The very same creditors who take "haircuts" are the sane guys at the front of the moneyprinting booth...haircuts my ass...lolololol
They're not. This is not about money (the guys at the top make tax-free trillions each year from drug trafficking, gambling and slave trading (both prostitution and shipping illegal immigrants). It's only about power and the necessary steps to reshape the world order.
Maybe if europe goes down hard, it will drag us down quicker than Helo-Ben will let us, and we can get recovering sooner. Anyone with a pulse now knows what the deal is. There is no escape or "growing" out of this mess. I just cannot fathom Heli-Ben actually believeing his own shit about printing. It defies logic, common sense and economic history. He must be a pathological liar. He can't be that stupid.
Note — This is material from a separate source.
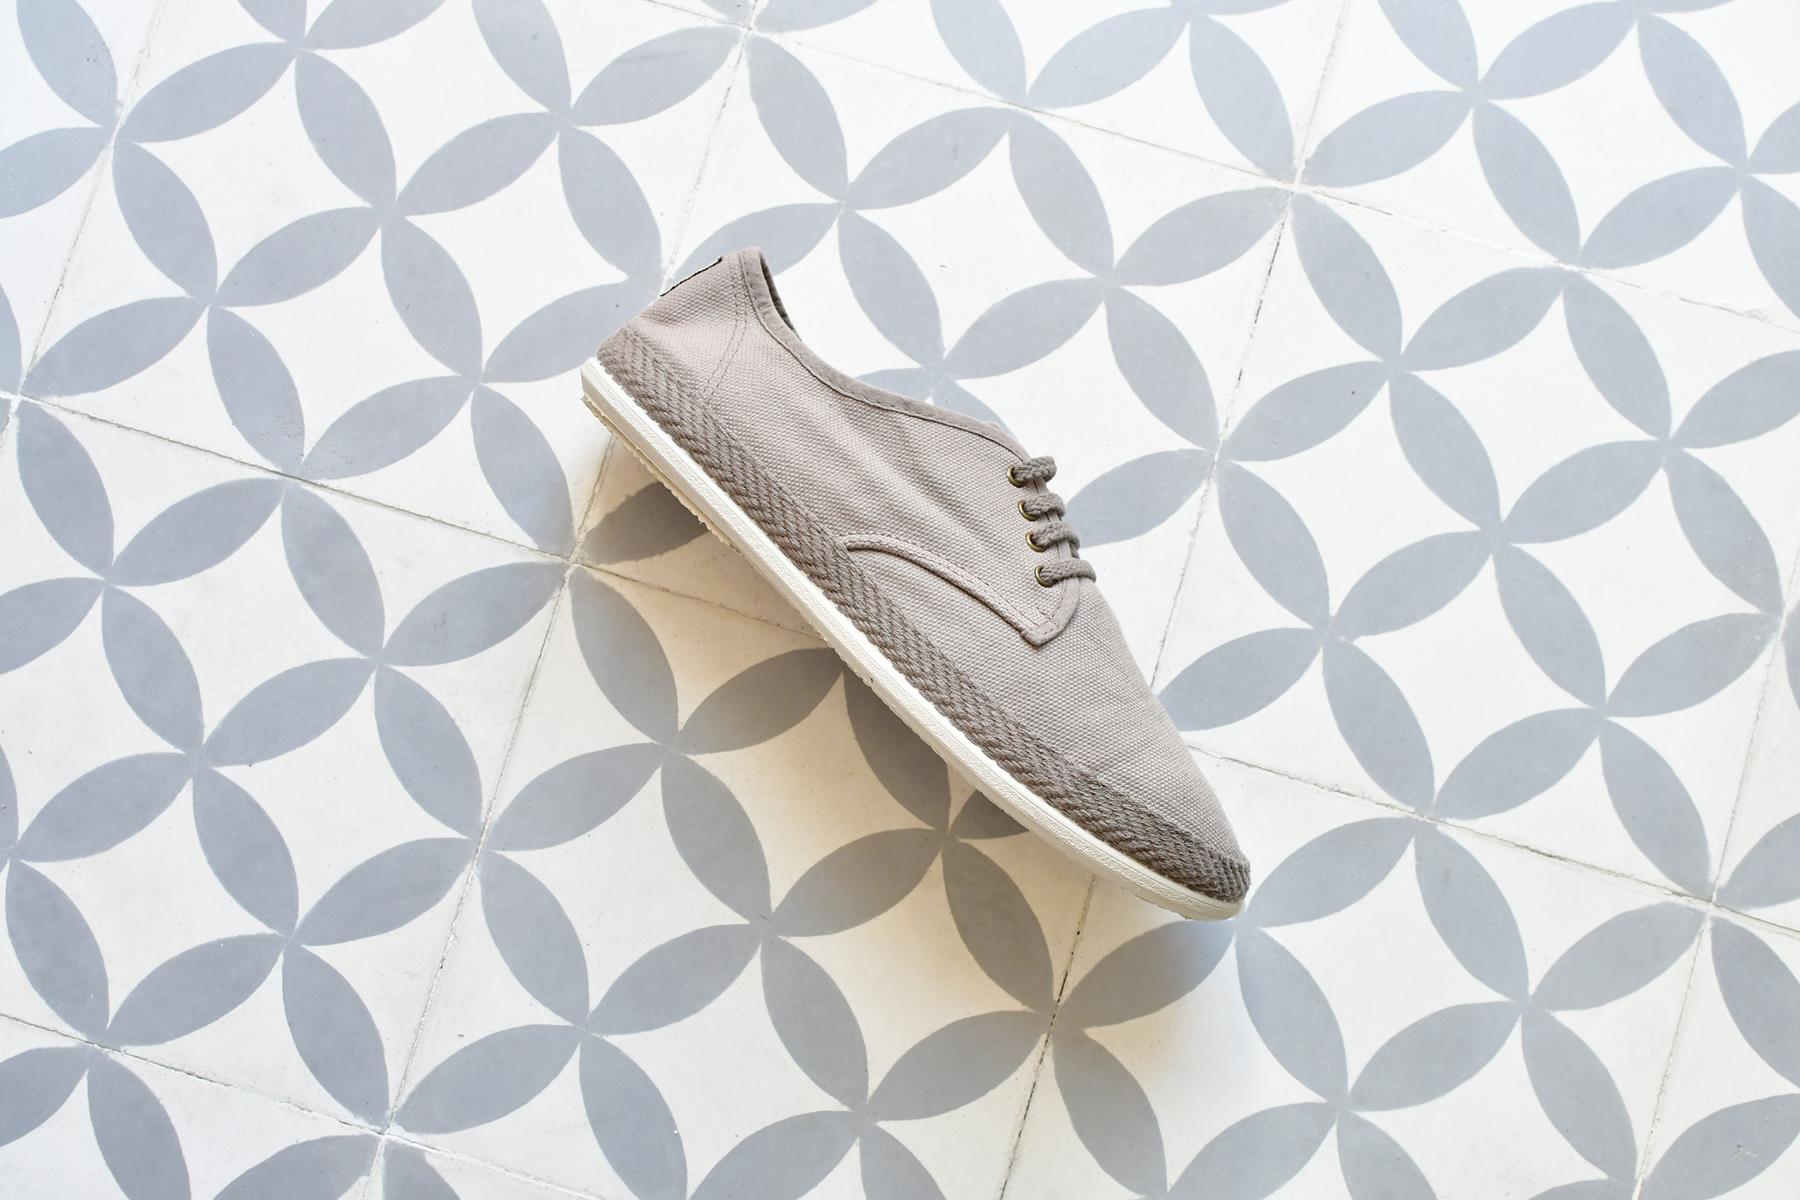 20005_amorshoes-Bamba-by-Victoria-lona-lavada-zapatilla-cordones-color-stone-piedra-gris-20005
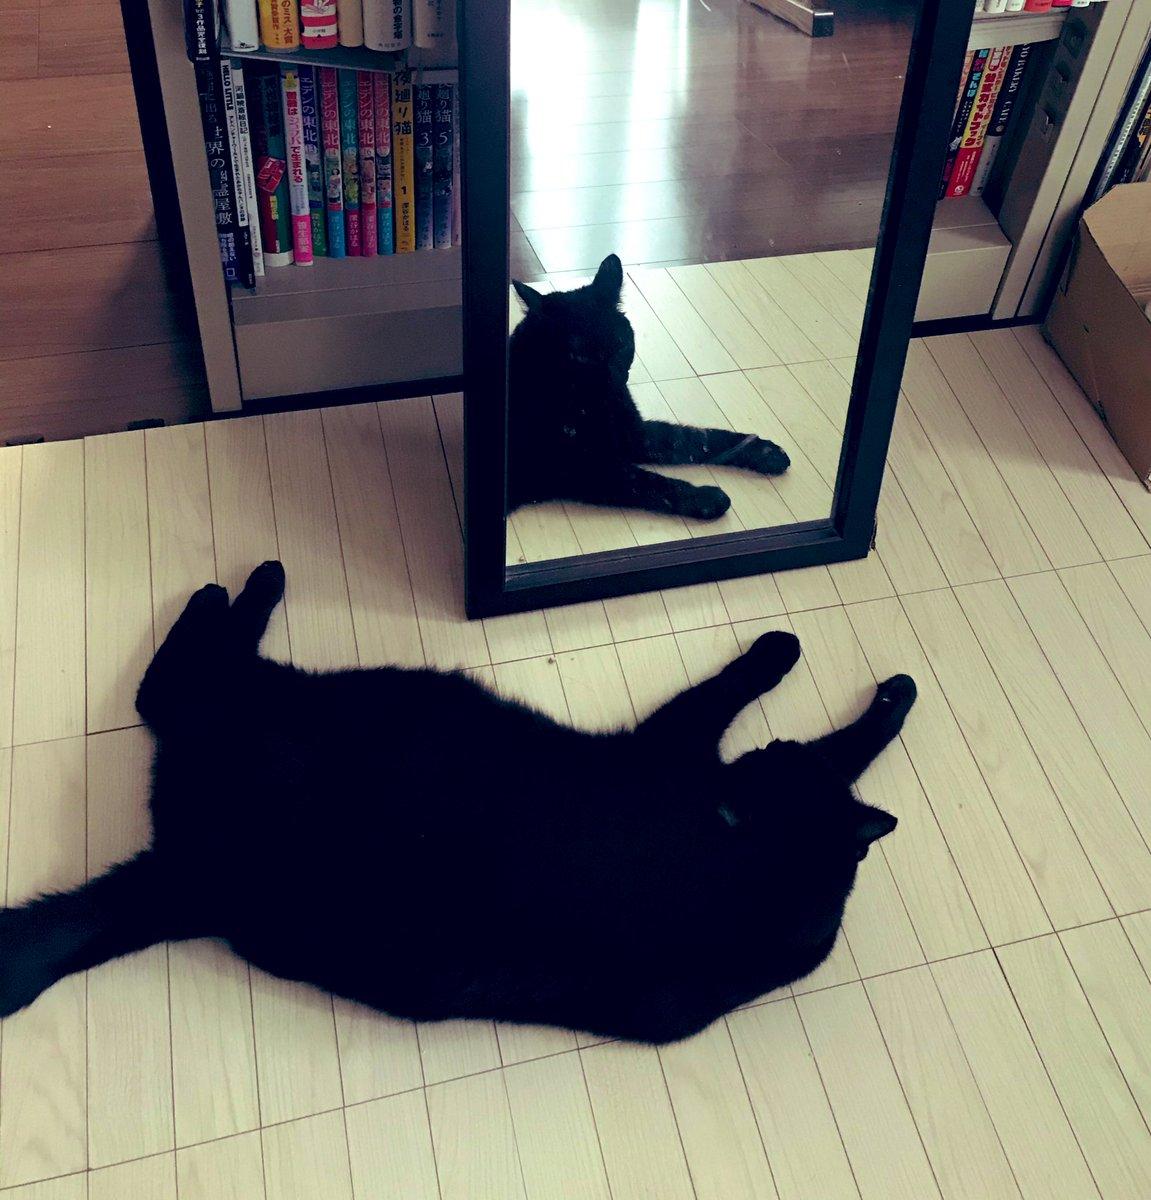 本人は横になってるのに、鏡の中は起きているみたいな写真撮れた。角度の違いだけど、不思議。

There can be no other sane reason for his actions other than to bail out the banks. Please God....bring this sucker down now!!!!!!!
Ben is a good employee following instructions.
forget it
Was Timmbo an only child?
He certainly acts it.
I bet it will go down something like this. Bernank gives 300 billion in free loan money to vampire squid, the squid keeps half for their fee, then buys euros with the other half, and loans them to greece with greek gold as collateral. The gold gets leased out for sale and price suppression. Voila, problem solved. Rinse and repeat for Italy, Spain and whomever else.
As we know that sovereign money sans borrowing is the only way out of monetary enslavement globally, the search for a spearhead candidate is on.
May I suggest Russia?
They have sufficient oil and gas along with captive customers to fend off any squeeze plays by the banking cartel. Once they establish a beach head, others will follow.
Then the way forward to break the chains of debt enslavement will become clear to all.
First North Dakota, then Iceland, then California, then Russia...Ireland, Slovenia...
Outlaw sovereign borrowing into debt. Outlaw fractional reserve lending by banks.
http://youtu.be/ULEfalVnMJI
Ever notice how the market just floats up on nothing right before shit hits the fan...how fortuitous for TPTB.
Get yer bunkerz ready, folks!
Excerpted from: http://www.cnbc.com/id/44460504
Some people are preparing for the end by buying canned goods or a gun.
One adult entertainment company has their priorities straight: They’re building a massive underground bunker, that will, of course contain all of the obvious emergency supplies and facilities but also a few, ahem, amenities.
The bunker will have multiple fully-stocked bars, an enormous performing stage with a “rotating hydraulic platform with emergency pole” and a sophisticated content-production studio, according to the company, Pink Visual.
So there was some disagreement concerning the immediate effects of a Greek default. Wouldn't the immediate effects be clear?
1) Euro decreases = $ increases ==> T yields decrease as dollars start chasing yield.
Any specific effects on $ denominated assets i.e. gold and crude?
2) S&P takes a moderate hit of -5% to -2.5% based on increased short term uncertainty premiums.
Financials / Banking sectors lead the charge down, about -4% due to increased risk premiums.
Stocks with heightened exposure to France get skullboned, particularly those that feed French capex spending.
Actually, all companies with signif EU exposure get molested by "wtf now?" premiums.
3) Gold October hits 1850-1900 based on EU inflation fears now that everyone looks to ECB to inject capital to inoculate from the contagion and (?) increased probability of another round of Fed asset purchases (?) .
4) EU stock dips could provide a great opportunity to buy German utility companies.
feedback, what am I missing, etc., sans idiocy, appreciated.